Bölüm 11

Jennifer

Eleanor tüm gözyaşlarını gördüğünde, beni mutfağa götürdü ve baristayı ön tarafta yalnız bıraktı. "Çocuk, ona kulak asma, seni incitmeye çalıştığını biliyorsun, söylediklerine inanma." "Ama elimde değil, tam olarak hangi düğmelere basacağını biliyor." "Jenn, eve git, burada biz hallederiz." "Hayır Eleanor, burada olmam gerekiyor." "Jenn lütfen git, biraz alışveriş yap ya da kafanı dağıtacak bir şeyler yap." "Ama öylece gidemem." "Biliyor musun Jenn? Çalışanların olması güzel bir şey, gerçekten öylece gidebilirsin." "Peki, belki yarın gece için bir elbise bakmalıyım." "Bu harika bir fikir." Önlüğümü çıkardım, makyajımı tazelemek ve saçlarımı açmak için banyoya gittim, sonra çıkmaya hazırdım. Kyle'ın sözlerini kafamdan nasıl çıkaracağımı bilmiyorum, sanırım yapacak yeterince alışveriş yok ama deneyeceğim. Babamın bana verdiği kredi kartını kullanmaya karar verdim, onu acil durumlar için saklıyorum ve sanırım bugün o günlerden biri. Ayrıca babamla dışarı çıkmak için bir elbise alıyorum. Dolabımda akşam için uygun bir şey olduğuna eminim ama değişiklik olsun diye kendi elbisemi seçmek istiyorum. Babamın kredi kartını kullanırken, Wynn Plaza'ya gitmeye karar verdim. Kyle'ın bu alışveriş merkezinde karşıma çıkmayacağından emindim çünkü Wynn Plaza, Dior, Prada, Louis Vuitton, Cartier, Gucci, Chanel, BVLGARI gibi tüm marka mağazalarının bulunduğu alışveriş merkeziydi. Kyle'ın cepleri o kadar derin değil ama babamınkiler öyle.
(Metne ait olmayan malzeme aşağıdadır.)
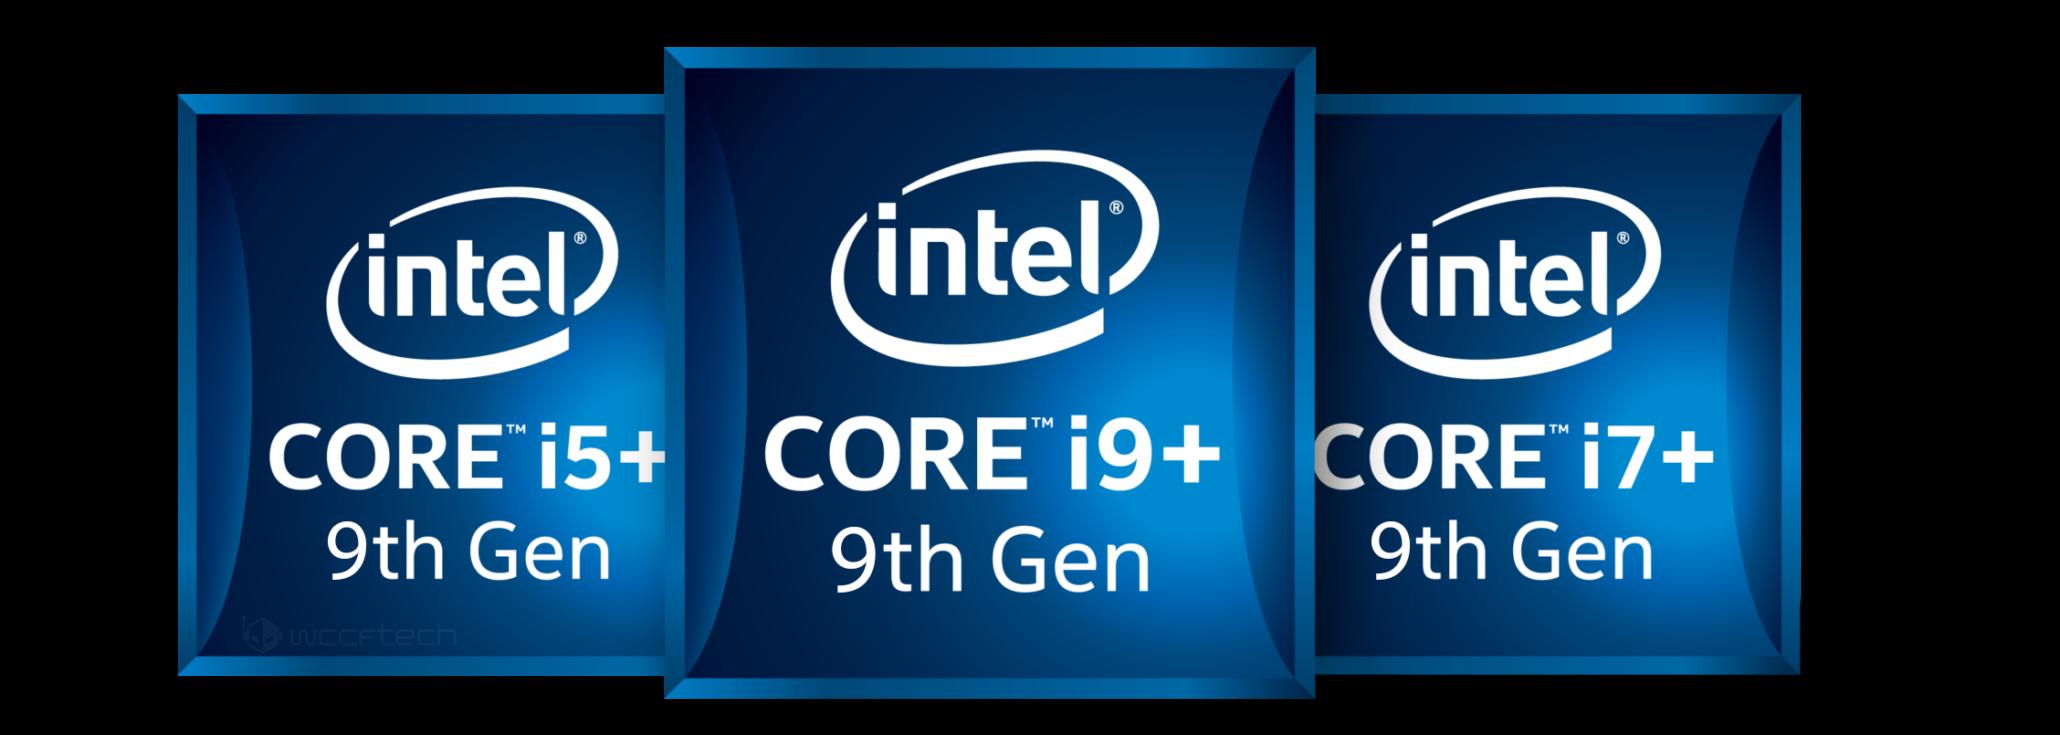 8th-gen-intel-core-platform-extension-badges-2060x713-2060x735.png

Maticevski'ye girdim ve hemen gözüme bir elbise, daha doğrusu bir gece elbisesi çarptı. Beyaz bir Victoire elbisesiydi, heykelsi asimetrik formuyla dikkat çekiyordu. Kısa kollu ve düzensiz yakasıyla zarif bir tarzda tasarlanmıştı ve fırfırlı, uyluk hizasında bir yırtmaçla tanımlanıyordu. Gerçekten güzeldi. Elbiseyi hayranlıkla incelerken satış görevlisi yanıma yaklaştı.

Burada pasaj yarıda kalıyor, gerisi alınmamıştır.